Back in New York: Tonight Show debuts with Jimmy Fallon

Jimmy Fallon on The Tonight Show
Image courtesy of Tonight Show/NBC

Back in New York: Tonight Show Debuts with Jimmy Fallon
| Published February 18, 2014 |

By R. Alan Clanton
Thursday Review editor

After a nearly 40 year stint on the west coast, where the Tonight Show was filmed and hosted in beautiful downtown Burbank, California, the newly retooled and remodeled show—now over 60 years old--was televised again in New York City, the town where it had been hosted generations ago by Steve Allen and Jack Paar.

The Tonight Show with Jimmy Fallon premiered on Monday, February 17 to what NBC hopes to be wide viewership, acceptance and high praise.

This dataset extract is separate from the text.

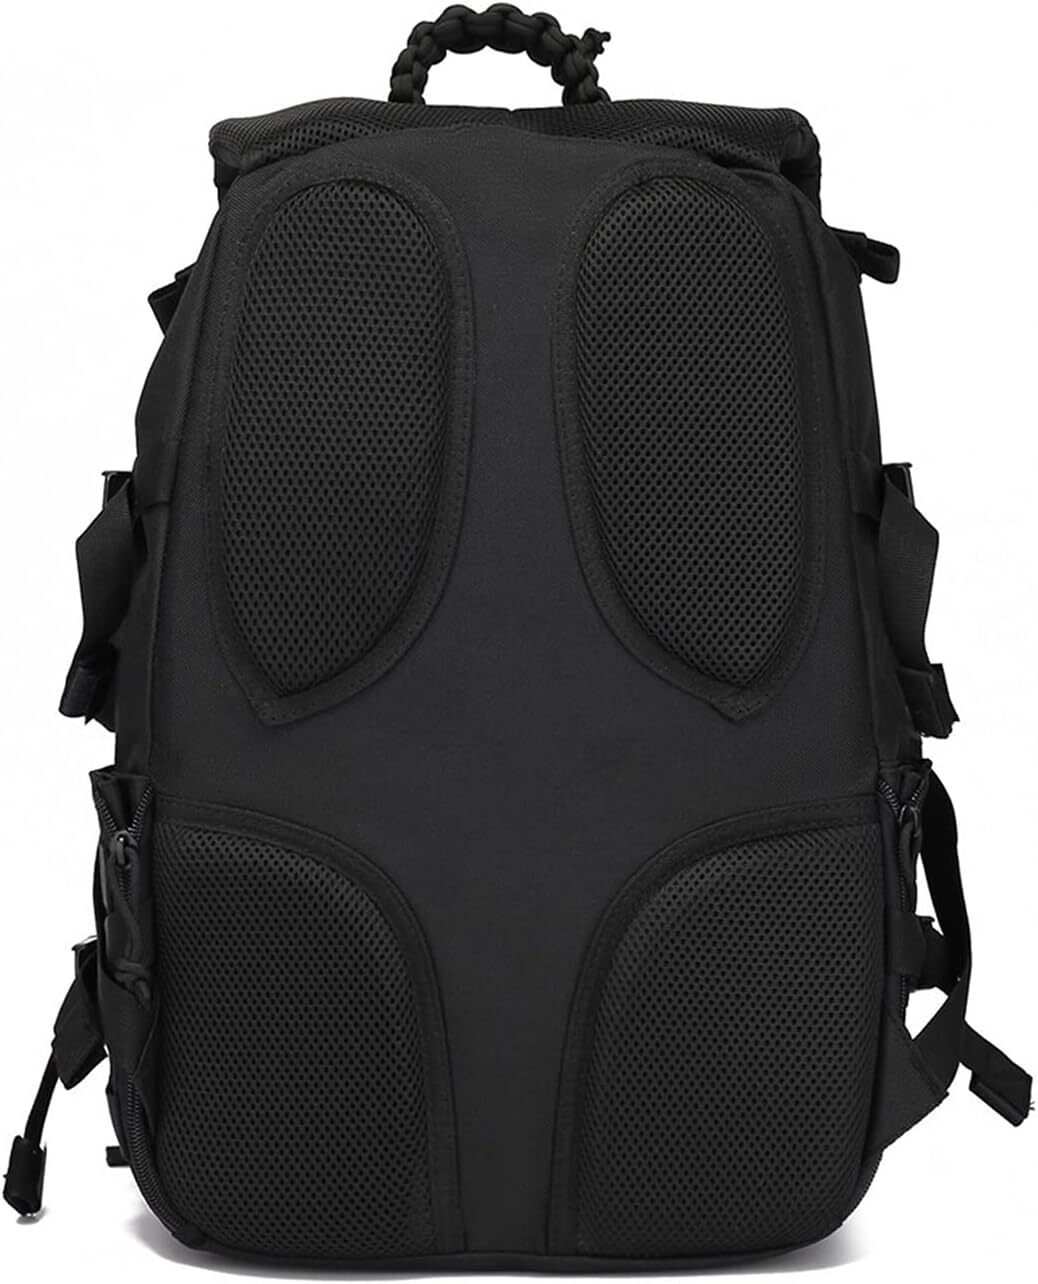 Xiaomi Military Camping Backpack 35L
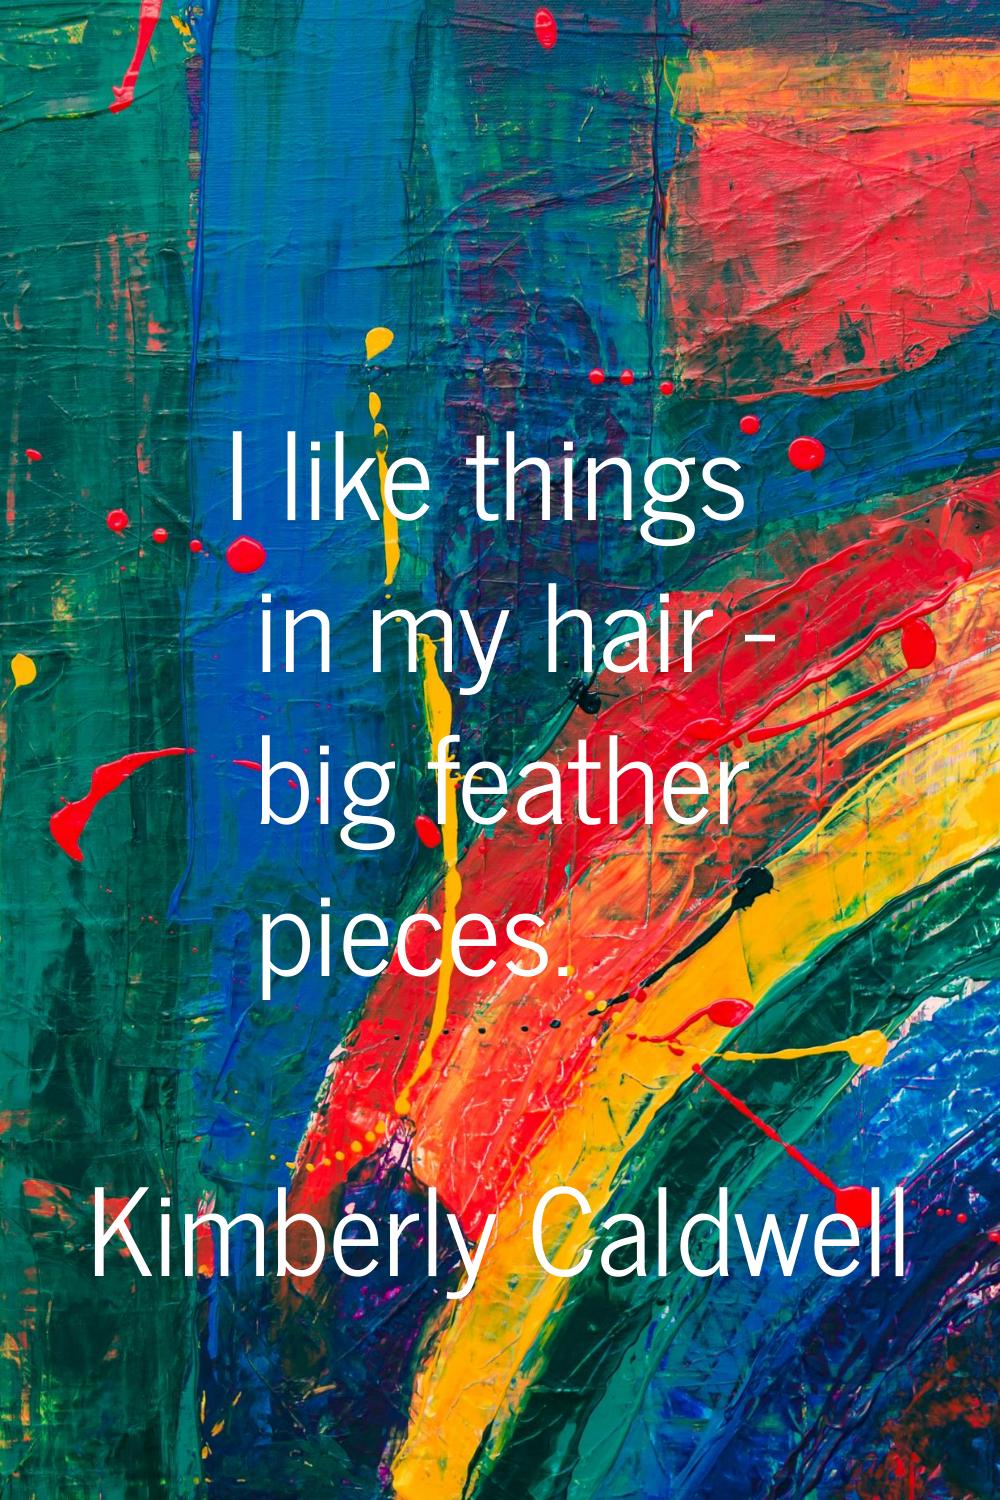 I like things in my hair - big feather pieces.

To judge from the first installment with Fallon, the iconic show may be entering in good standing with its new incarnation after the previous 22 years under the comedic leadership of Jay Leno.

The Monday debut was approachable, direct and at times dazzling. It was also very funny, the key attribute for the rollout of a show so heavily watched by mainstream audiences and TV industry types.

Fallon began with a personal, somewhat humble introduction, praising his parents (his mom and dad were in the audience), and recognizing the great distance he had travelled from his small town upstate New York upbringing and his start on the equally iconic comedy show Saturday Night Live. Fallon introduced himself as “your host…for now,” a reference not lost on audience members or viewers who have followed the long, sometimes troubling saga of NBC’s love/hate relationship with Leno.

Fallon also introduced the new Tonight Show house band, an eight-man Philadelphia-based jazz-swing-soul-rock combo named The Roots, the same band that had been with him in his previous run as host of Late Night.

This week’s debut show, which did not slow down after his heartfelt and seemingly genuine opening, also included some pretty upbeat and upscale moments, among them a hilarious and well-choreographed musical sketch in which Fallon and Will Smith give the audience a brief, humorous history of hip hop dance moves.

There was also an energetic rooftop musical performance by U2, shot with precarious and vertiginous ingenuity atop the GE building at 30 Rockefeller Center, a few floors above where the Tonight Show digs are now located among NBC’s offices and television studios. Later, U2 band members came back into the new studio to visit with Fallon and perform one more tune, this time an acoustic set.

During the show Fallon pointed out that the new space—smartly decked out with tall blue curtains, deep, glistening wood paneling and an elaborate wood-grained model of the New York skyline behind his conservative desk, is the same studio used decades earlier by Jack Paar and Johnny Carson before the show moved to westward to Burbank in 1972.

After settling in at his new desk, Fallon also joked that the old friend who had once bet him $100 that he would never be the host of the Tonight Show, now owed him that C note—whereupon actor Robert De Niro entered the stage and dropped a one hundred dollar bill onto Fallon’s desk. Much to the delight of the audience, De Niro was followed by a procession of other stars, each handing him $100, and the cameo appearances included New Yorkers Joe Namath, Rudy Giuliani, Lady Gaga and Sarah Jessica Parker. Joan Rivers, once a frequent substitute host for the Tonight Show in Johnny Carson’s day, also made an appearance to pay her “debt,” as did Stephen Colbert, who—in lieu of a $100 bill—dumped a large bucket of copper pennies onto Fallon’s desk and shoulders, and into his lap.

“Welcome to 11:30, bitch,” said Colbert.

The multi-talented Fallon seemed genuinely thrilled to be the show’s new host, and indicated he understood the pressure he was under to please the audience and attract and retain newer, younger viewers. Fallon’s generally positive track record with SNL, and later at Late Night with Jimmy Fallon, in the increasingly crowded world of late night TV entertainment has led NBC to bank heavily on the success of the newly revamped show.

NBC hopes to regain the high ground in the ratings war in the post-11:00 slot, now populated by shows those of like David Letterman, Jimmy Kimmel, Conan O’Brien, Arsenio Hall and others—all of whom have developed their own dedicated followings.

Jay Leno, who took over after the retirement of Carson in 1992, gave his last performance as host of the Tonight Show a few weeks ago, and in an emotional goodbye he thanked his fans and those who had worked with him for so many years on the show. He also wished Fallon luck on the show. Leno’s contract with NBC would have taken him through the fall of this year, but he agreed to an early buyout equal to one year’s salary.

Most viewers who watched the new show rated Fallon’s performance a success. And now NBC crosses its fingers in the hopes that ratings remain solid.